Business

Here’s the J.Lo-down

Debt ceiling? Oslo? Why worry about stuff like that when we can learn who’s breaking up with whom?

OK! promises to tell its readers “what really went wrong” with J.Lo and Marc Anthony, but its “exclusive” is sorely lacking in gory details. Aside from the obvious — that J.Lo is obsessed with her career and Marc caught the seven-year itch — we learn that Marc has been “spending time” with ex-wife and former Miss Universe Dayanara Torres. Better is the cover story on Brad Pitt’s flirtation with a young production assistant on the set of his new zombie thriller, “World War Z,” which has sent Angelina Jolie into a jealous rage. Noting that the unnamed brunette “started out being an assistant type but now she’s much more involved,” a source says “Angelina is right to be worried.”

Star managed a deft salvage of its big cover spread, “Plastic Surgery Confessions,” using nips and tucks to fit in the big news of J.Lo and what’s his name. The narrow J.Lo banner across the top cover spills all about their divorce: “Sexless Night, Other Women, Other Men, Final Screaming Match.” To squeeze it onto the cover, editors had to reduce ever so slightly, and thankfully, the head shots of seven female stars showing off fat, injected lips and pulled-back feline faces. J.Lo’s divorce price tag? $250 million. That fit in, too. Best are before-and-after photos of celebrity plastic surgeries.

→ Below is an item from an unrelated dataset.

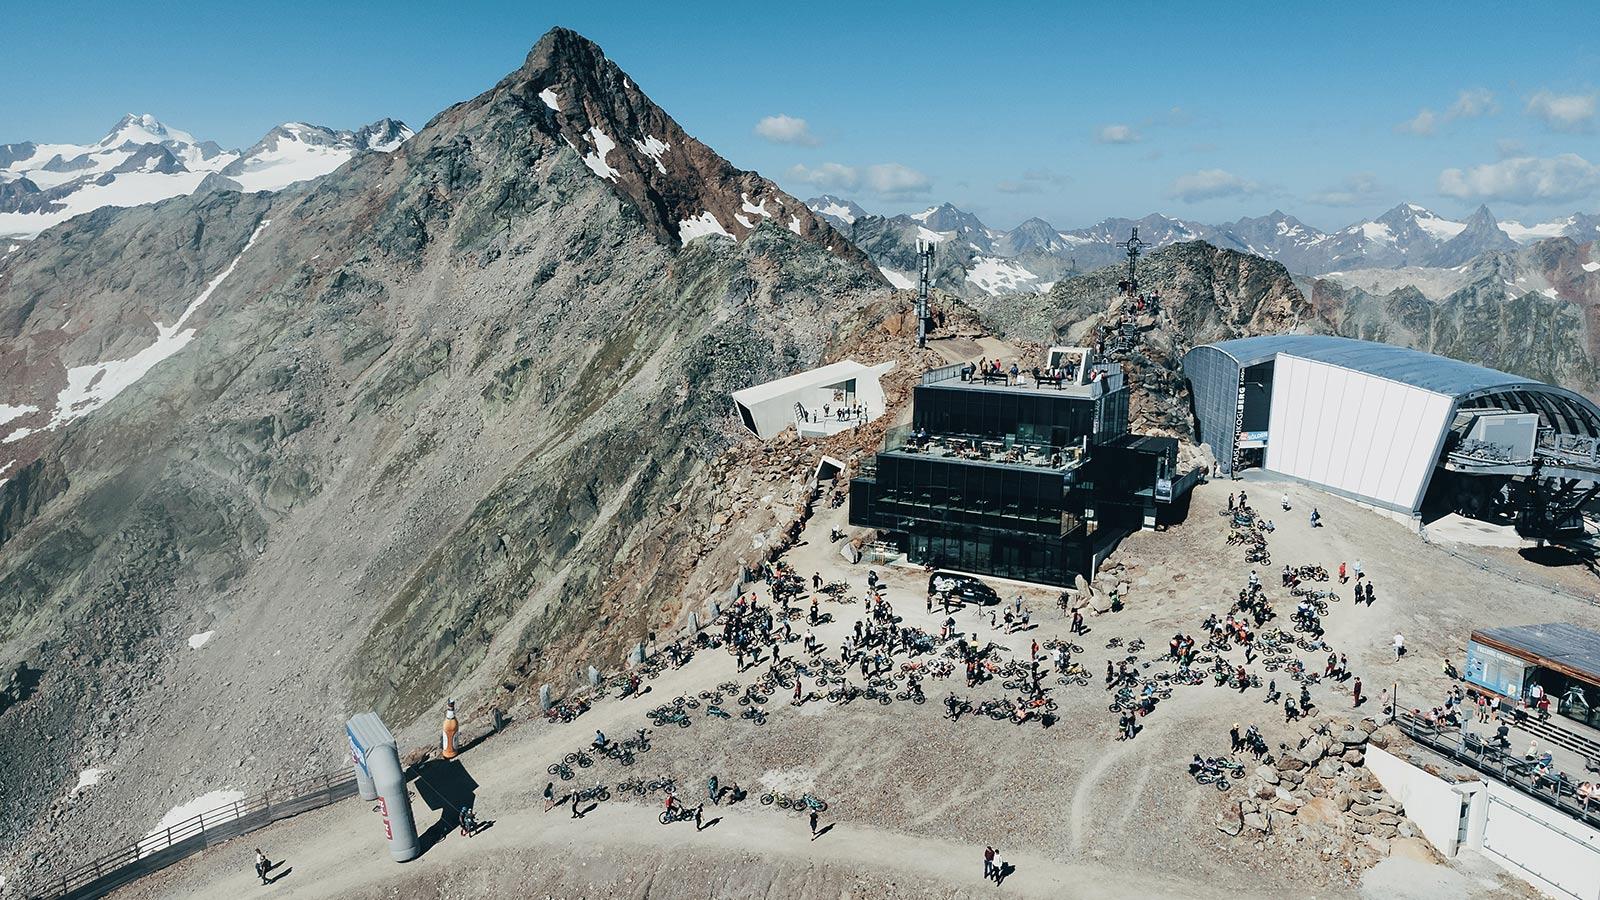 Event Schnitzeljagd 2021 Sölden Ötztal - Gondola - Event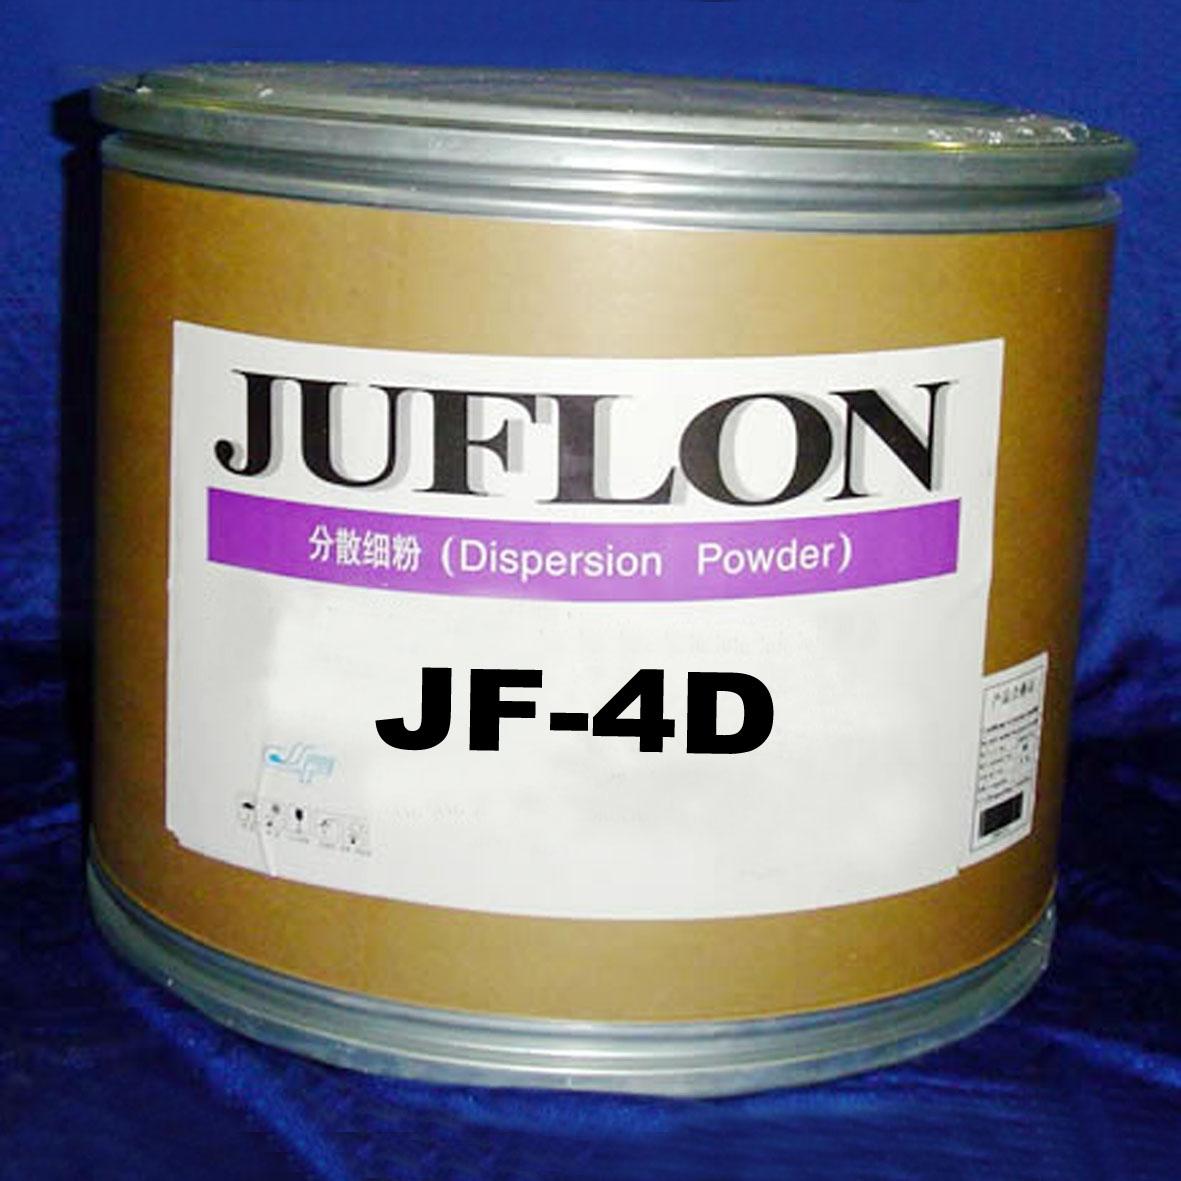 聚四氟乙烯分散细粉树脂 ( JF-4D)

People gets right down to it and blames J.Lo’s split with Marc on him. He was a control freak who behaved badly when he didn’t get his way — most recently making a fuss over William Levy, the sultry Cuban telenovela star who played Lopez’s love interest in her new video “I’m into You.” People also tries to give us Anthony’s point of view, occasionally interjecting a statement from his “insider.” But the statements just lead us even more to suspect that the gossip rags have it right and the one-time Salsa King was an obsessive baby who was happy to make his lovely wife miserable because he knew he didn’t deserve her. In trying to refute rumors of his jealousy over her newly explosive career, for example, the People insider says: “He has always been very supportive of Jennifer’s career. But they got to a point where they started to see life differently. For Marc, life is about enjoying life. There are people that think life is all about work.” Bitter much?

Like People, US Weekly paints Anthony as a control freak who tried to wrest control from his beautiful wife, trying to boss her around in her career and at home. Also, he was allegedly jealous about everything, from other men to Lopez’s career. US delivers additional juicy tidbits on the breakup of the year, such as their explosive feuds over his smoking habit and Anthony’s dalliance with a flight attendant in 2009. The hookup almost led to their split, but Anthony pleaded with J.Lo to not leave him and she agreed to couples therapy, the mag tells us. The gossip rag also tells us about Anthony’s anger over Lopez’s manager, Benny Medina, and his lackadaisical attitude toward raising their twins — Max and Emme — whom he’s already agreed to give to Lopez as part of the divorce.

It’s hard to say which of New York‘s two big puff pieces is puffier. There’s one on Goldman Sachs CEO Lloyd Blankfein who, charming the pants off his interviewer, finishes a story about meeting with rapper 50 Cent saying, “And by the way, it’s ‘Fitty’ Cent. Fitty.” That, we must admit, was somewhat amusing. Less easy to stomach was the softball story on the New York Times, which at one point rhapsodizes about what it felt to be “the most satisfying moment in Page One,” referring to this spring’s boring, brown-nosing documentary that even the Times itself panned. More compelling — and depressing — was a feature about big developers who are destroying the mom-and-pop-shop vibe of Upper Broadway with a host of new skyscrapers that fill entire blocks with big, sterile, glass-front facades.

The New Yorker, for some reason, assigns its movie critic to write about the British tabloid culture. The result is a tut-tutting jawboner that declares “you cannot hear yourself think” in London because it has so many print newspapers: five tabloids and five broadsheets during the week alone, not counting the weekends. We’d submit that we’re a little jealous of Londoners in this regard, forced to make do instead with prim weeklies from the liberal establishment. We didn’t enjoy, for example, slogging through a dull non-story on the stalemate in Egypt that has developed between citizens and the army since the uprising of six months ago.

Just when you thought you’d had enough of Time, deciding that reading it was a chore, the magazine delivers a cover story on — we hate to say it — household chores. With many of us addled by the 11th-hour budget talks, the Greek debt crisis and the infernal heat wave, some will no doubt prefer an article on chores to this magazine’s more traditional summer fare on Martians or the Shroud of Turin. And many men will no doubt cheer the slant of the article, which finds that men are doing half the work but still not getting credit for it. Still, this week’s issue was one we found ourselves putting off reading until the last minute, and sulking about it the whole time.